From the recruiter's offices.

Mostly correct, though it is a couple of years old and IIRC pre-dates the GWOT and the 18X program.

Good overview material for the novice.

DOL


Part I

What Is SF?

SF, commonly referred to as Green Berets, are strategic, multipurpose forces capable of rapid response to various contingencies throughout the world. Their mission is to organize, train, equip, and direct indigenous forces in unconventional warfare and foreign internal defense. For this reason, they possess foreign language and area orientation skills. Most SF soldiers work on a 12-man Operational Detachment "A" (SFODA) team, sometimes called an A Team.


How Are SF Different from Conventional Army Forces?

Regional Orientation

Each SF soldier is assigned to one of five SF Groups. Each Group is responsible for several missions in a designated area of the world, or area of operations (AO). The SF soldier closely studies his Group’s AO and trains to the unique demands of this area of the world.

Intercultural Communication

The SF soldier learns a foreign language and works closely with the indigenous people in his Group’s AO. Unlike the conventional soldier, the SF soldier is often called upon to interact closely with, and live under the same conditions as, people of a foreign culture. Not only does he perform his job expertly, he also serves as a representative of the United States (U.S.).

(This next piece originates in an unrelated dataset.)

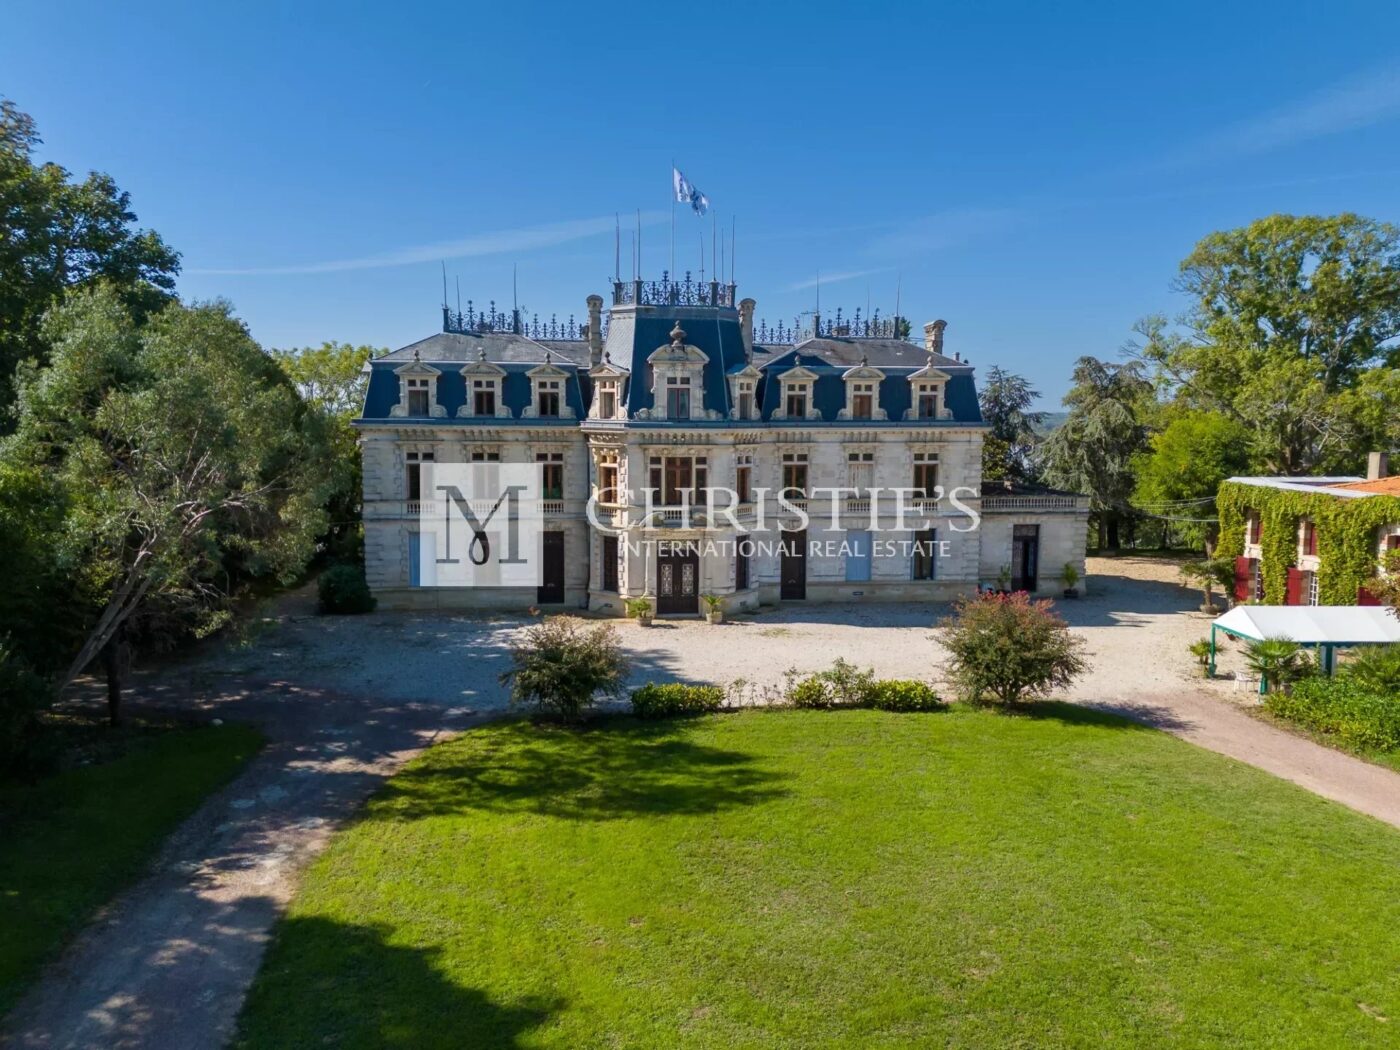 A vendre beau domaine viticole avec Château du XIXème siècle surplombant la rivière - Idéal pour un projet d'œnotourisme
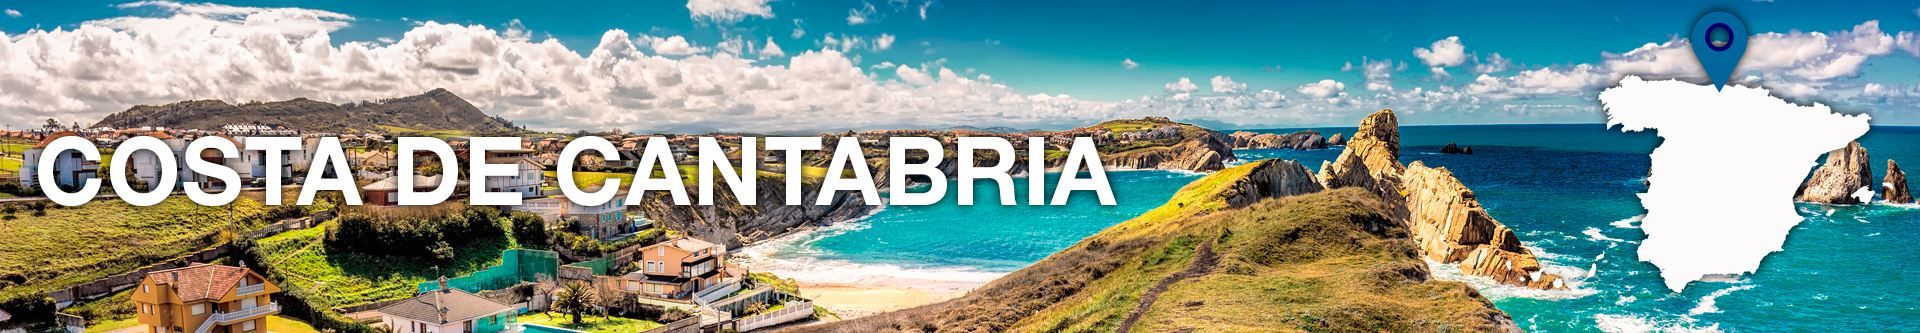 Hoteles en Costa de Cantabria - No pagues más por lo mismo

Missions and Collateral Activities

Soldiers in general purpose units train for conventional warfare; in contrast, SF soldiers are called upon to accomplish a wide variety of unconventional missions. The SF soldier serves in the roles of teacher and helper, as well as warrior. SF plan, conduct, and support special operations in all operational environments.

The U.S. Army organizes, trains, equips, and provides SF to perform seven primary missions: unconventional warfare, foreign internal defense, direct action, special reconnaissance, counterproliferation, information warfare/command and control warfare, and counterterrorism. (Counterterrorism is a primary mission only for designated and specially organized, trained, and equipped units.) In addition to the seven primary missions, SF may participate in any of several collateral activities: security assistance, humanitarian assistance, coalition liaison, counterdrug activities, personnel recovery, and countermine activities.

Missions

Unconventional warfare is a broad spectrum of military and paramilitary operations, normally of long duration, predominately conducted by indigenous or surrogate forces who are organized, trained, equipped, supported, and directed in varying degrees by an external force. It includes guerrilla warfare and other direct offensive and low-visibility, covert, or clandestine operations, as well as the indirect activities of subversion, sabotage, intelligence collection, and evasion.

Foreign internal defense is the participation by civilian and military agencies of a government in any of the action programs taken by another government to free and protect its society from subversion, lawlessness, and insurgency. The primary SF mission in this interagency activity is to organize, train, advise, and assist host nation military and paramiltary forces.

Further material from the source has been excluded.